Горит! - подумал он. - И в самом деле горит! Он начал танцевать в
разорванной огненными сполохами темноте. Лицо его исказилось в экстазе
настолько сильно, что, казалось, еще немного, и его черты разлетятся на
миллионы улыбающихся осколков. Он сжал руки в кулаки и размахивал ими
над головой - Урааааааааа! - кричал он, и ветер подхватывал его крик и
завывал в ответ. - Уррраааааааа! Черт возьми! Это победааа! Ураааааа!
Он бросился к машине, поскользнулся на снегу и упал. Возможно, именно
это обстоятельство спасло ему жизнь, так как в тот же самый момент
бензобак крана взорвался, усыпав все вокруг обломками в радиусе сорока
футов Раскаленный кусок металла пробил правое стекло "ЛТД", покрыв его
пьяной паутиной трещин.
Он поднялся, весь в снегу с ног до головы, и взобрался за руль. Он
снова надел перчатки, чтобы не оставлять отпечатков пальцев, хотя в
конце концов мысль об этих предосторожностях показалась ему смешной. Он
завел машину, почти не ощущая ключа в одеревеневших пальцах, и надавил
изо всех сил на педаль газа; "газанул" - так они называли это, когда
были детьми, и мир был молод. Микроавтобус швыряло из стороны в сторону.
Кран яростно пылал - он и не рассчитывал, что пожар будет таким сильным.
Кабина превратилось в ад, огромное лобовое стекло вылетело.
- Горячо! - крикнул он. - Поддай еще жару! Ох, Фредди, горячо! Черт
возьми! Он объехал кран, и на мгновение огненные сполохи превратили его
лицо в зловещую черно-оранжевую маску. Он ткнул указательным пальцем в
приборную доску, пытаясь вдавить зажигалку. С третьего раза ему это
удалось. Вся техника стояла рядами слева от него, и он опустил стекло.
Мэрино ведро каталось по полу взад и вперед, а бутылки с бензином
пустились в бешеную пляску, дробно позвякивая друг о друга, когда
микроавтобус подпрыгивал на подмерзших ухабах.
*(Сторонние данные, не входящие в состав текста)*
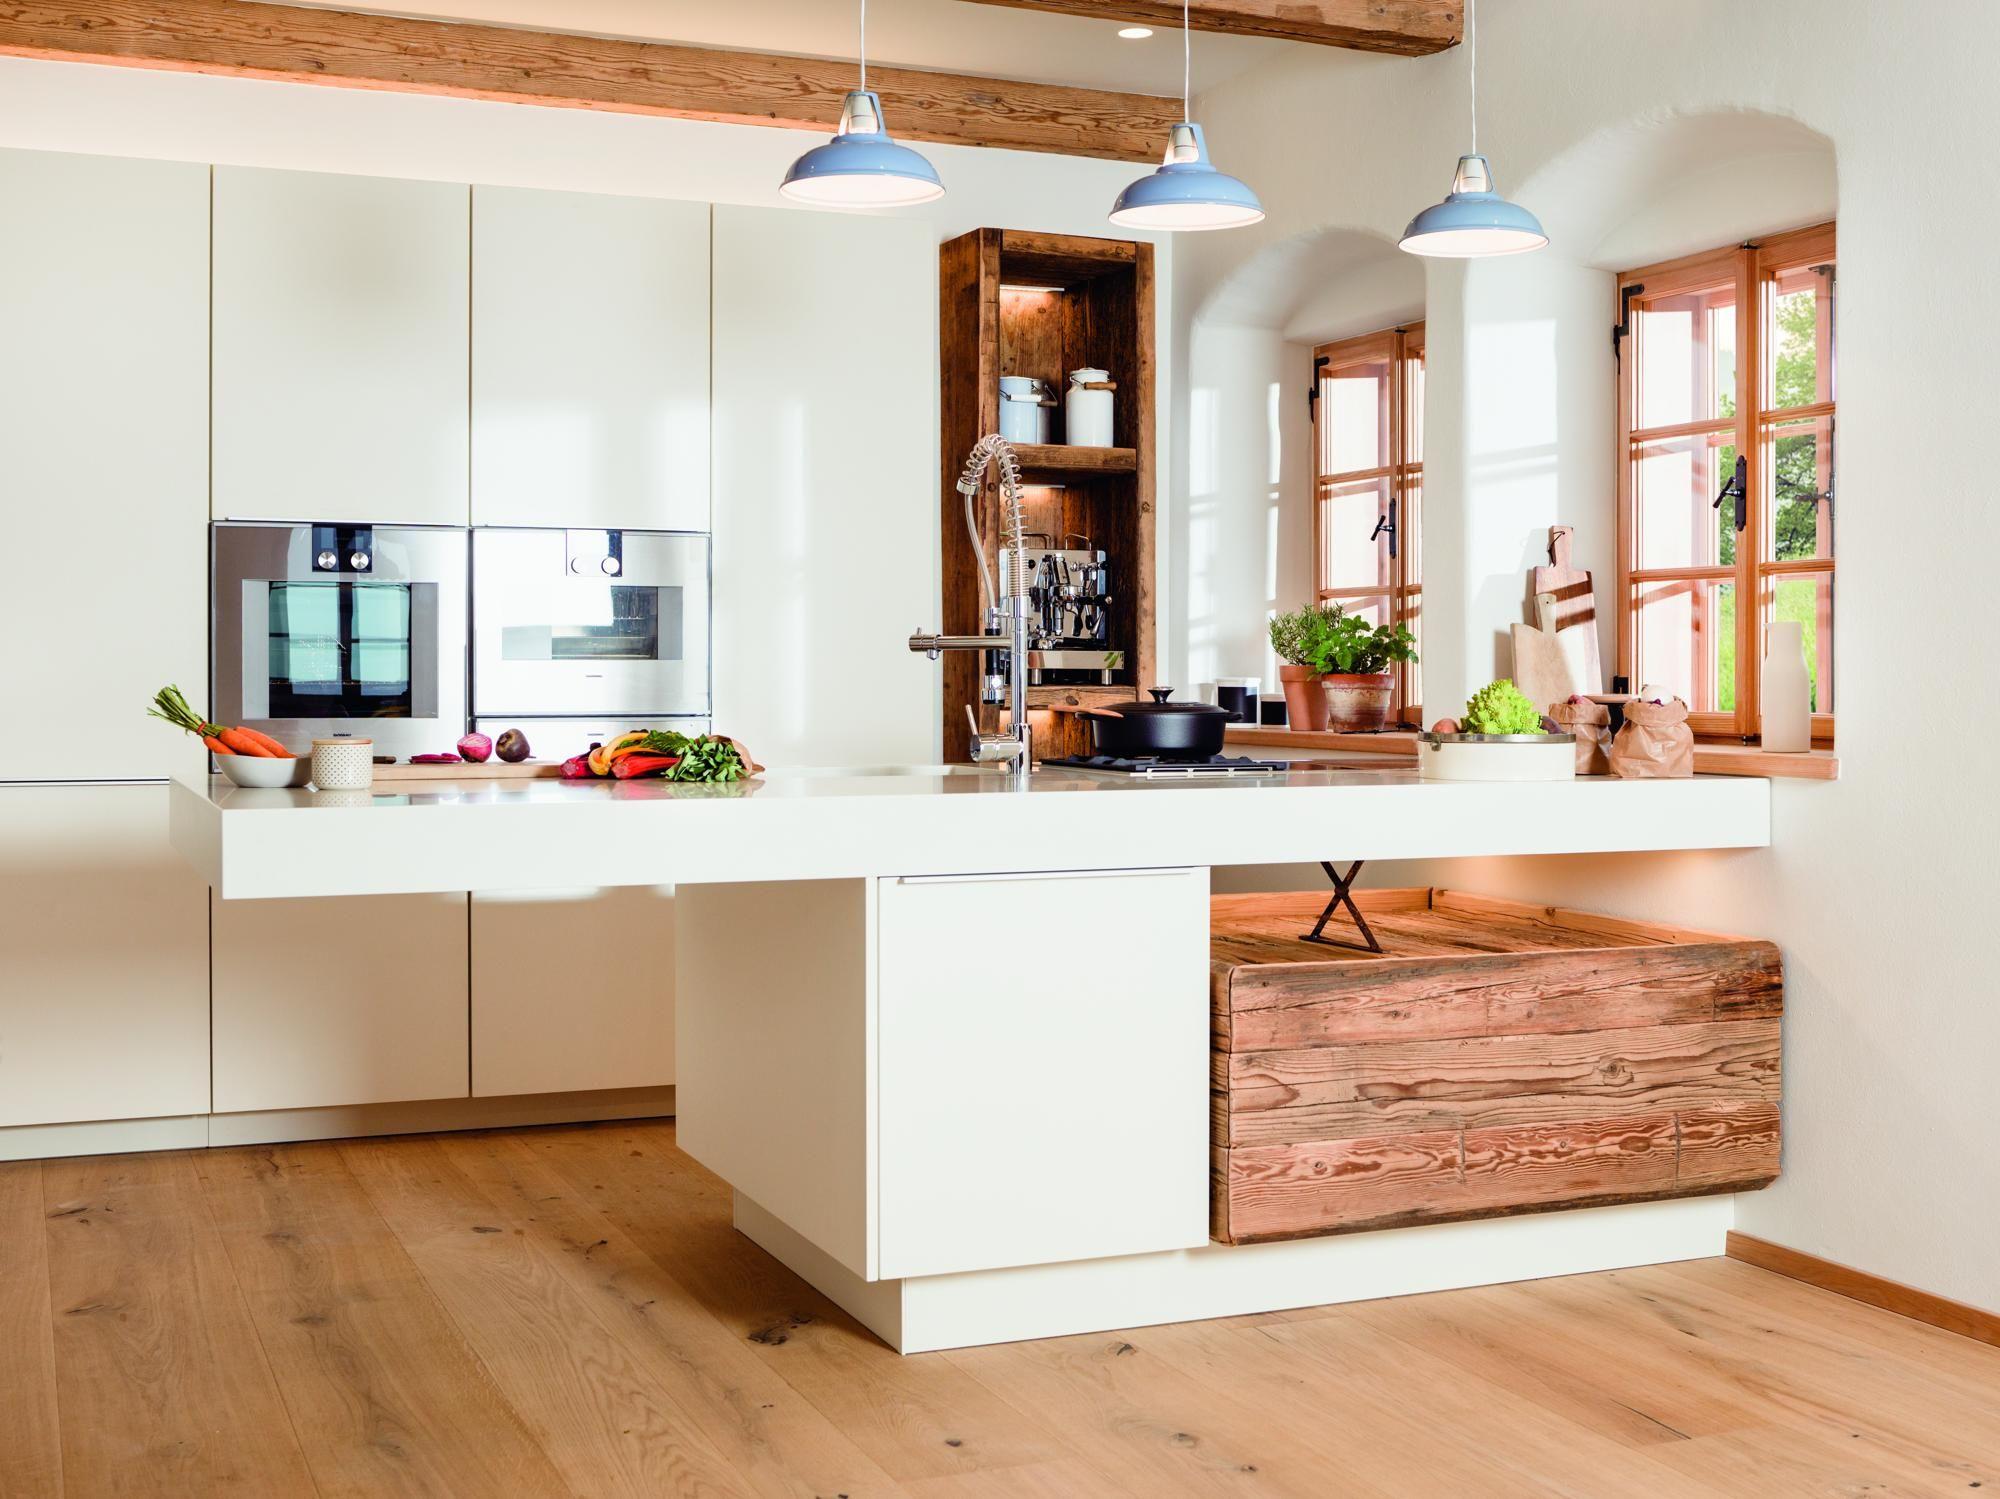 Einzigartig Kochinsel Mit Sitzgelegenheit Design

Зажигалка выскочила со щелчком, и он резко затормозил. Микроавтобус
занесло набок, и он остановился. Он вынул зажигалку, взял из коробки
одну бутылку и прижал к фитилю пылающую спираль. Фитиль вспыхнул, и он
швырнул бутылку за окно. Она разбилась о покрытую запекшейся грязью
гусеницу бульдозера, и пламя весело заплясало вокруг. Он снова вдавил
зажигалку, проехал ярдов двадцать и швырнул еще три бутылки в темную
громаду асфальтоукладчика. Первая пролетела мимо, вторая ударилась в
бок, и горящий бензин вылился на снег, не причинив никакого вреда, зато
третья попала точно в кабину.
- В десяточку! - завопил он.
Еще один бульдозер. Асфальтоукладчик поменьше. Потом он подъехал к
вагончику на домкратах. На двери висело объявление:
Лэйн Констракшн Компани Местное Представительство ПО ВОПРОСАМ ПРИЕМА
НА РАБОТУ СЮДА НЕ ОБРАЩАТЬСЯ!!!!
Пожалуйста, вытирайте ноги Он подогнал "ЛТД" почти вплотную и швырнул
четыре горящие бутылки в большое окно рядом с дверью. Все бутылки попали
внутрь: первая разбила стекло и разбилась сама, опустив за собой
пылающий занавес.
Позади вагончика стоял большой грузовик. Он вышел из машины, дернул
правую дверь и обнаружил, что она не заперта. Он поджег фитиль у одной
из своих гранат и бросил ее внутрь. Языки пламени жадно взвились по
сиденью.
Он вернулся в свою машину и обнаружил, что осталось всего лишь четыре
или пять бутылок. Он поехал дальше, ежась от холода, пропахший насквозь
бензином, с длинной ниткой соплей под носом и широкой ухмылкой от уха до
уха.
Гусеничный экскаватор. Он швырнул в него все оставшиеся бутылки, ни
одна из которых не причинила ему вреда, кроме последней, подорвавшей
заднюю гусеницу.
Он пошарил в коробке, вспомнил, что она пуста, и глянул в зеркальце
заднего обзора.
- Едрит твою налево! - завопил он. - Через жопу вдоль забора, Фредди!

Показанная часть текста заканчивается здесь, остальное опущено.